5. Policies and procedures

AML processes should be clearly documented (in the form of policies and procedures) as well as regularly assessed/evaluated to give the firm comfort with respect to their operating effectiveness. Where gaps or weaknesses are identified, these should be appropriately escalated for remedial action to be decided.

Policies and procedures should be subject to regular review and refresh, and should be approved by the Board/Senior Management.

Key questions for RE firms to be asking themselves

There is undoubtedly a lot to think about for firms involved in RE transactions in terms of AML compliance. Some non-exhaustive questions for consideration for Heads of Compliance, MLROs and other Financial Crime Compliance professionals may include:

1. Firm-wide ML risk assessment

• Is my risk assessment documented?
• Does it take into account the holistic range of inherent risks which my business faces as well as an assessment of the effectiveness of the controls I have in place?
• Is it signed off by senior management and used to inform business decision-making?​

2. Risk appetite

• Have I defined/documented my risk appetite statement, including prohibited business which sits outside of this?
•  How do I monitor adherence to my defined risk appetite?

3. Other risk assessments

• Have I developed other risk assessments, particularly to risk-rate customers to inform the level of due diligence applied?
•  How do I ensure that higher risk attributes, such as PEPs and sanctions nexuses, are promptly identified and appropriately handled?

4. Due diligence

• Have I developed clear and comprehensive due diligence procedures which set out the varying standards and requirements depending on the risk rating of the customer which I am doing business with?
•  Do these procedures include steps to be taken at onboarding as well as throughout the relationship?

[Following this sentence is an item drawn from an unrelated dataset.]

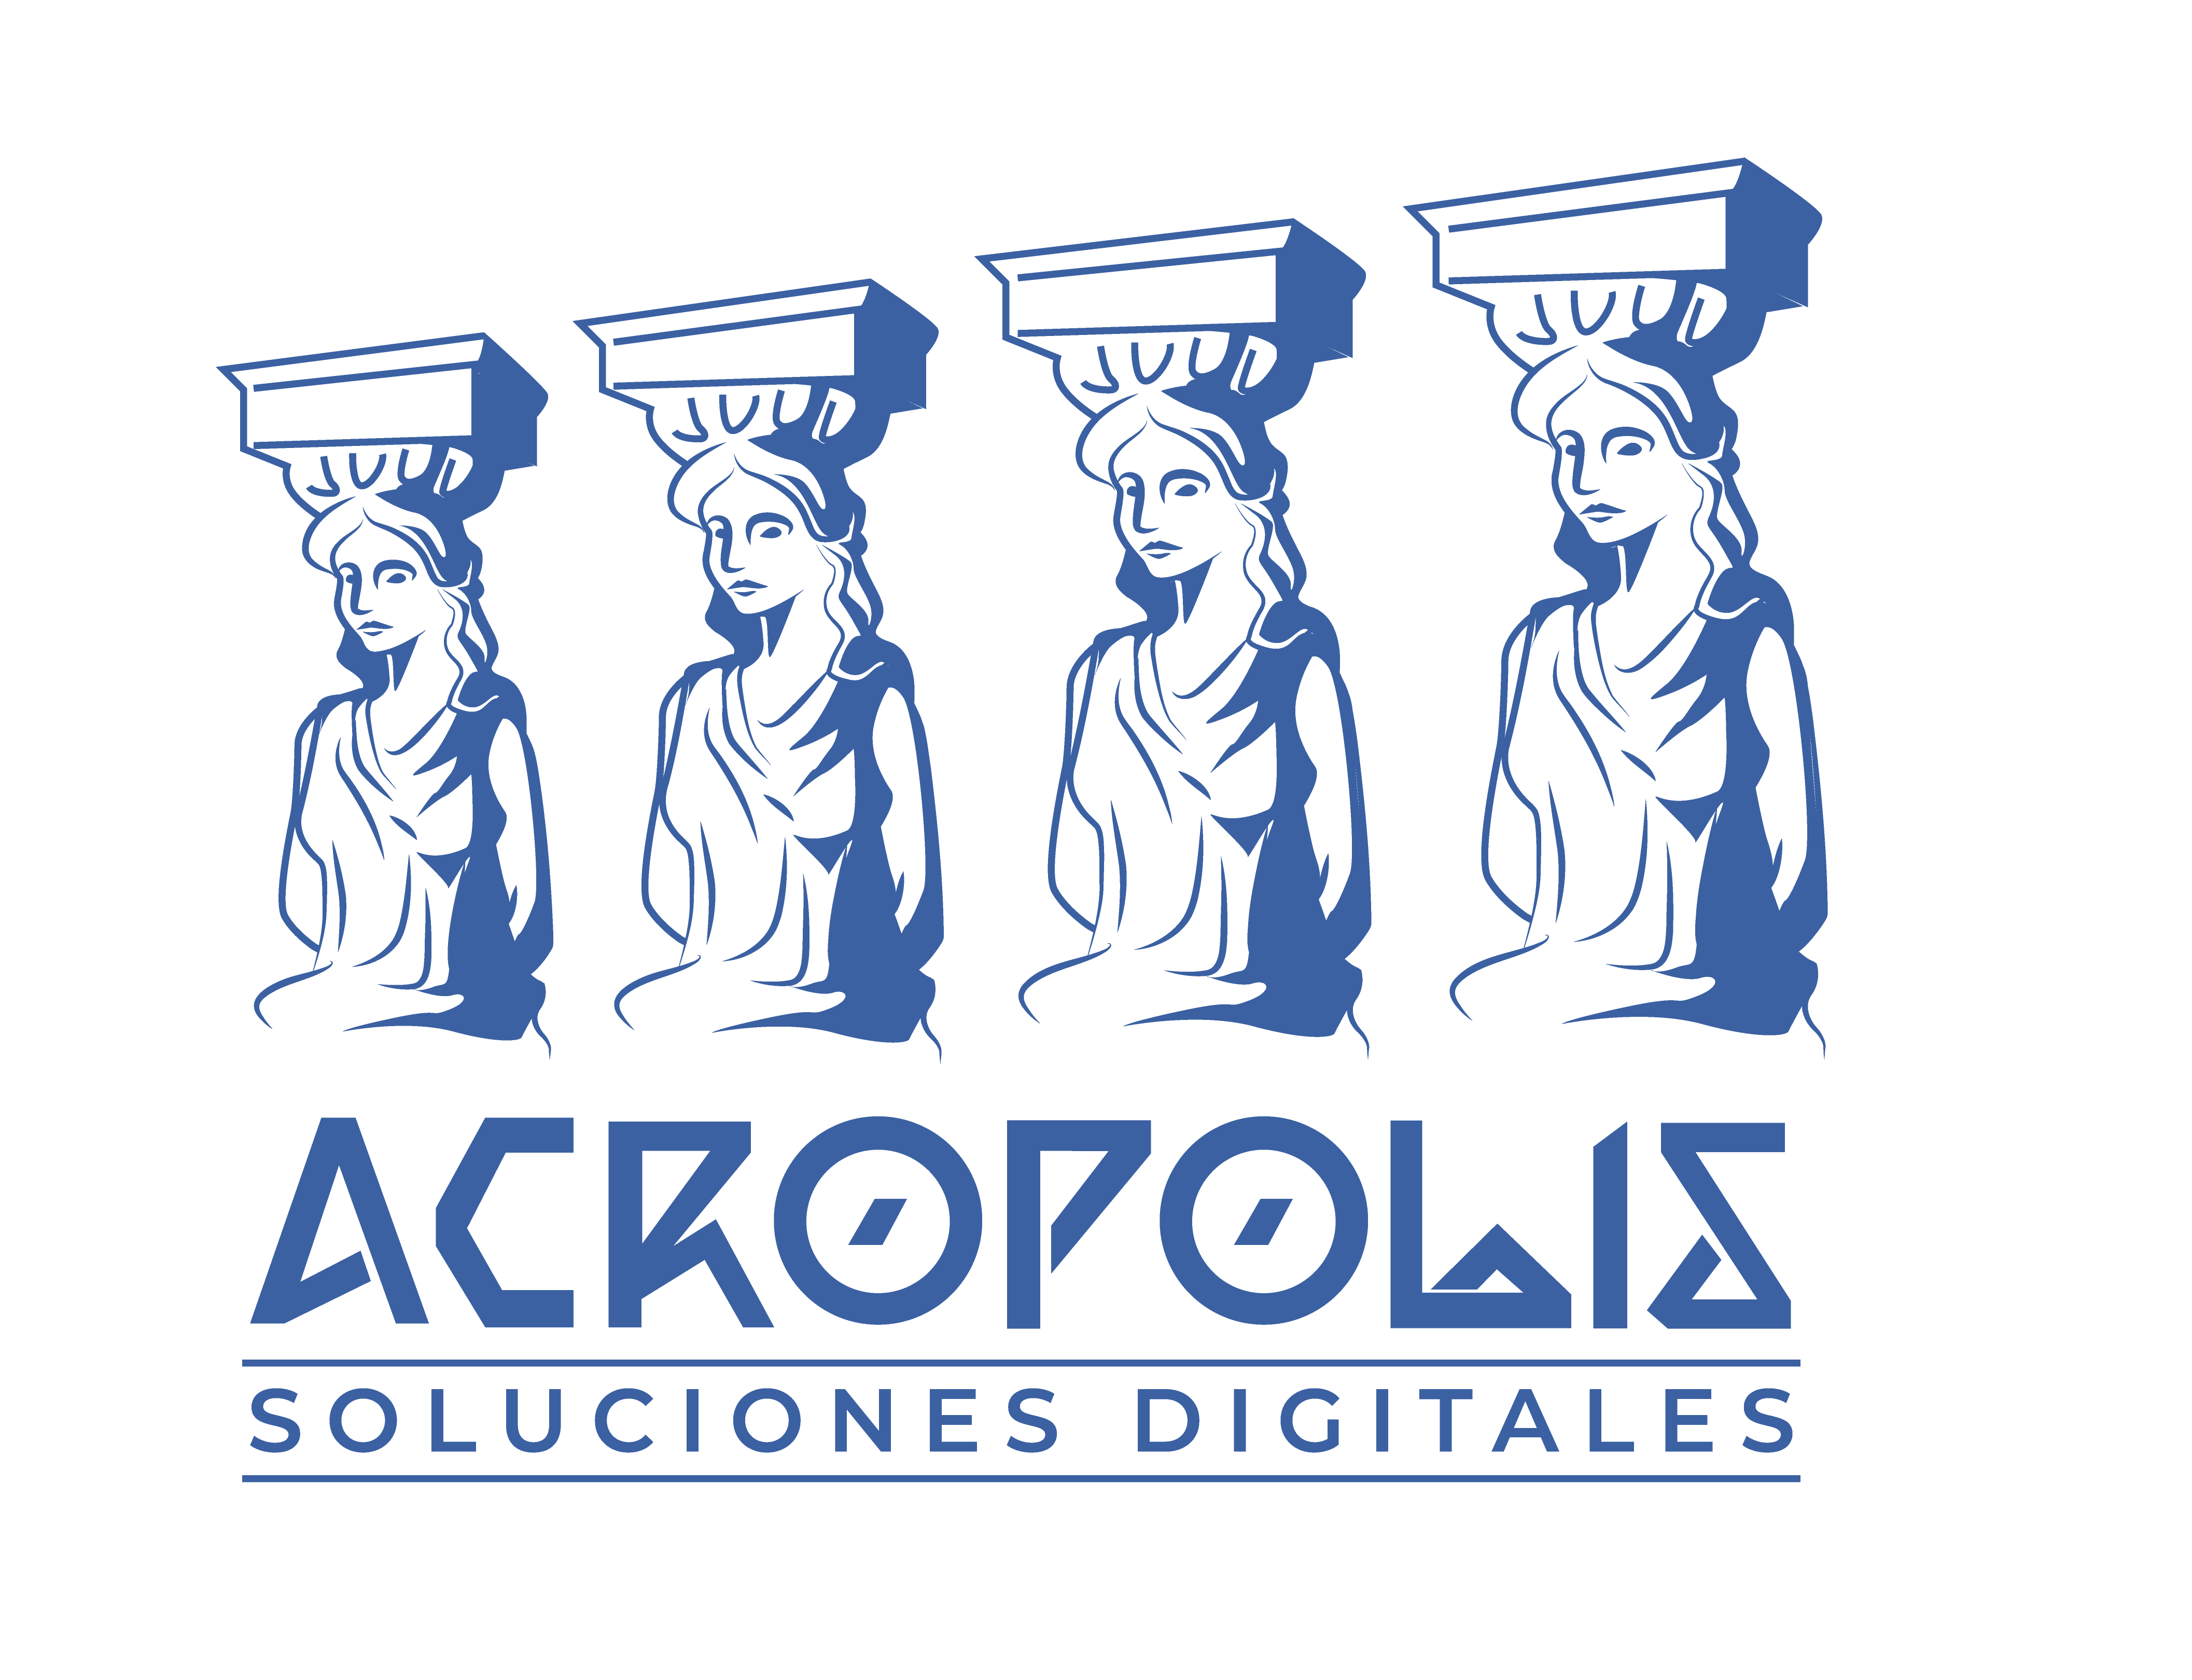 Acrópolis Soluciones Digitales

5. Roles and Responsibilities

• Is an appropriate individual appointed to undertake AML roles, such as the MLRO and Nominated Officer (“NO”)?
• Are my escalation channels clearly defined so that staff understand when to escalate and Senior Management are actively engaged in AML governance and oversight​?

6. Training

• Are my staff equipped to understand their legal obligations and risk exposures to the business to enable them to undertake business within the parameters of the defined risk appetite? 
•  How do I determine which staff need which training, and how do I monitor that such training is undertaken in a timely manner?

7. Framework

• Are my processes and controls distilled into clear and accessible policies and procedures?
• Are these policies and procedures regularly reviewed and refreshed, and signed off by Senior Management?
• Does my Compliance function actively monitor and evaluate the Business with respect to the AML framework?